On how strict she is with her diet, the Oxford University alumna replied, “I’m allergic to quite a lot of things. That happened in the last eight years or so. Literally, you could kill me with pizza. I couldn’t get up for a week. Chocolate chip cookies and French fries can slip through the net.
“There are certain combinations of things that will take me out. So, on the whole, I’m quite careful [about what I eat] because I don’t like feeling ill. But I’m not hugely obsessive.”
As for filming during hot and humid months in South Africa, Kate said, “I hate seeing actors talk about how difficult their work is. Other people find that incredibly irritating. It’s such a privilege to be an actor. But it was six months, so it was a long time to be far away from home.
“Usually, if I do a physical role, it’s over a period of three or four months. Then, you get to go home, eat some donuts and lie down in your bed, whereas sustaining it over six months was really the hardest thing. And also battling with weather I wasn’t used to. It’s one thing being in Budapest running down the street and it’s quite cold, but in Cape Town, it was really hot.
“When we first arrived, it was their summer so we all got quite close because we got to know what each other’s armpits smelled like very quickly. My character is the unluckiest person in the whole world. Every terrible thing you can think of happens to her, or almost happens to her. Six months is quite a long time to spend with her.”

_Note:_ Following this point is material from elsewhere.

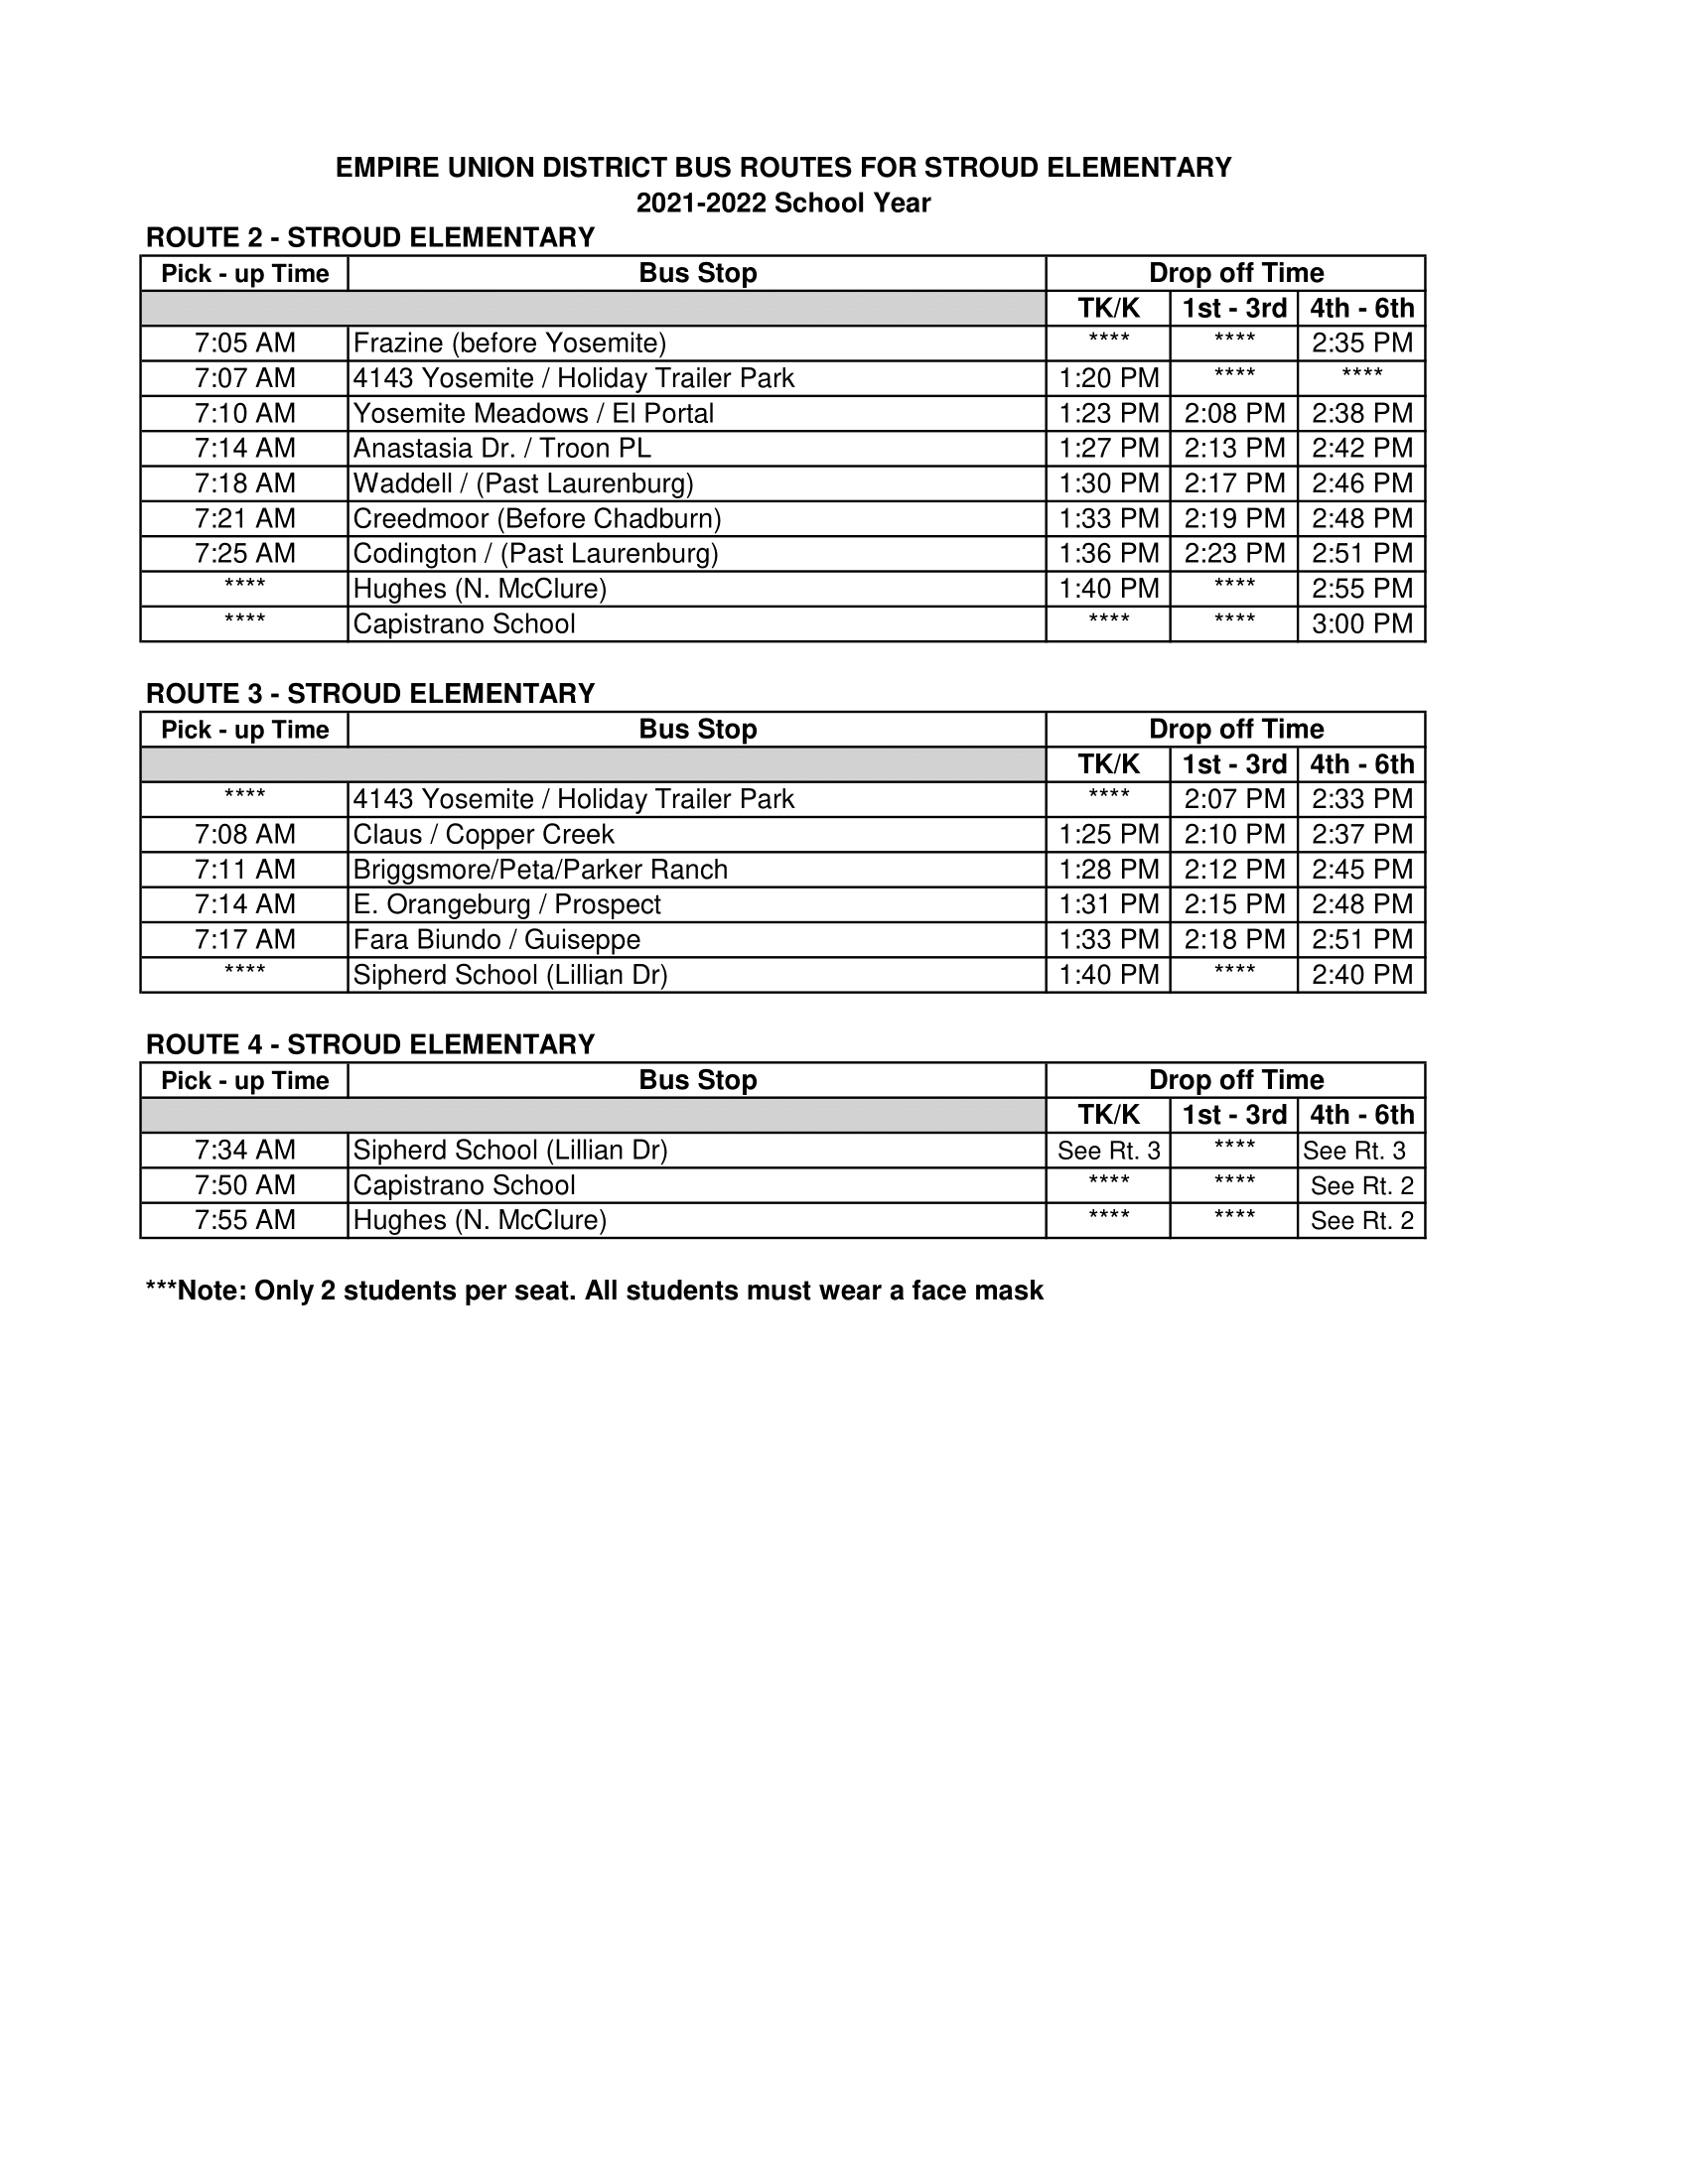 21-22 Stroud Bus Routes

“The dangerous thing about actors being trained in fighting is that you do feel like that and you probably couldn’t,” replied Kate, who figures in action scenes in “The Widow,” on whether she could fight and survive in real life. Laughing, she added, “But I could look really cool while I’m getting beaten up.”
The actress, who earned an action star reputation with her “Underworld” movie series, admitted that she was not good at one thing. “What I have never gotten good at is, I was very bad at running when I did my first-ever action movie,” she bared. “I had to be coached because I ran like this (she demonstrates running clumsily).
“And what I’m also terrible at is stopping, so I can run fast and make it look reasonably cool, but I cannot stop. I would just be a floater out the door.”
She addressed some comments that “The Widow” perpetuates the canon of white savior narratives: “If this were a film about Georgia rescuing Africans, I don’t know that I’d have wanted to necessarily do that. The point about it was that she was trying to find her husband and so, along the way, she had both good and bad relationships with local people.
“I don’t feel that the thrust of this show is about a white woman. There’s a woman who’s lost—and bonds with—a child. The point is that she’s lost her husband. And she’s going to this uncle in a place [with] a complex cultural and political situation. She’s not wading into it as, ‘I’m going all-out and teaching you how to sing the national anthem.’ It’s not like that at all. If anything, she’s going, ‘Please teach me things that I don’t know.’”
On her daughter Lily, the mom said, “I’m sure she will end up being an actress and that does freak me out a little bit (laughs). It freaks me out that she’s walking around by herself. I haven’t gotten past ‘putting her in a high chair and she doesn’t move’ stage.”
A spitting image of her mom, Lily grew up in the paparazzi world. “It’s harder for the child,” Kate remarked. “It’s something that is incredibly intrusive for them, especially outside a ballet class or something that isn’t a public event. The worst one was Lily getting very ill in a car and us having to jump out and her being sick on the road. And people jumping out and taking pictures of that.
“That’s why I thought, OK, this has reached a level that is beyond as a human being. I don’t understand why anybody would want to take a picture of a child being sick.”
But Kate shared that Lily was savvier. “I started in the ‘prehistoric era,’ where you were allowed to actually have a life. But Lily knows more now than I do. I’m still shocked by new things. She’s got much more of a handle on probably what that’s like than I do.”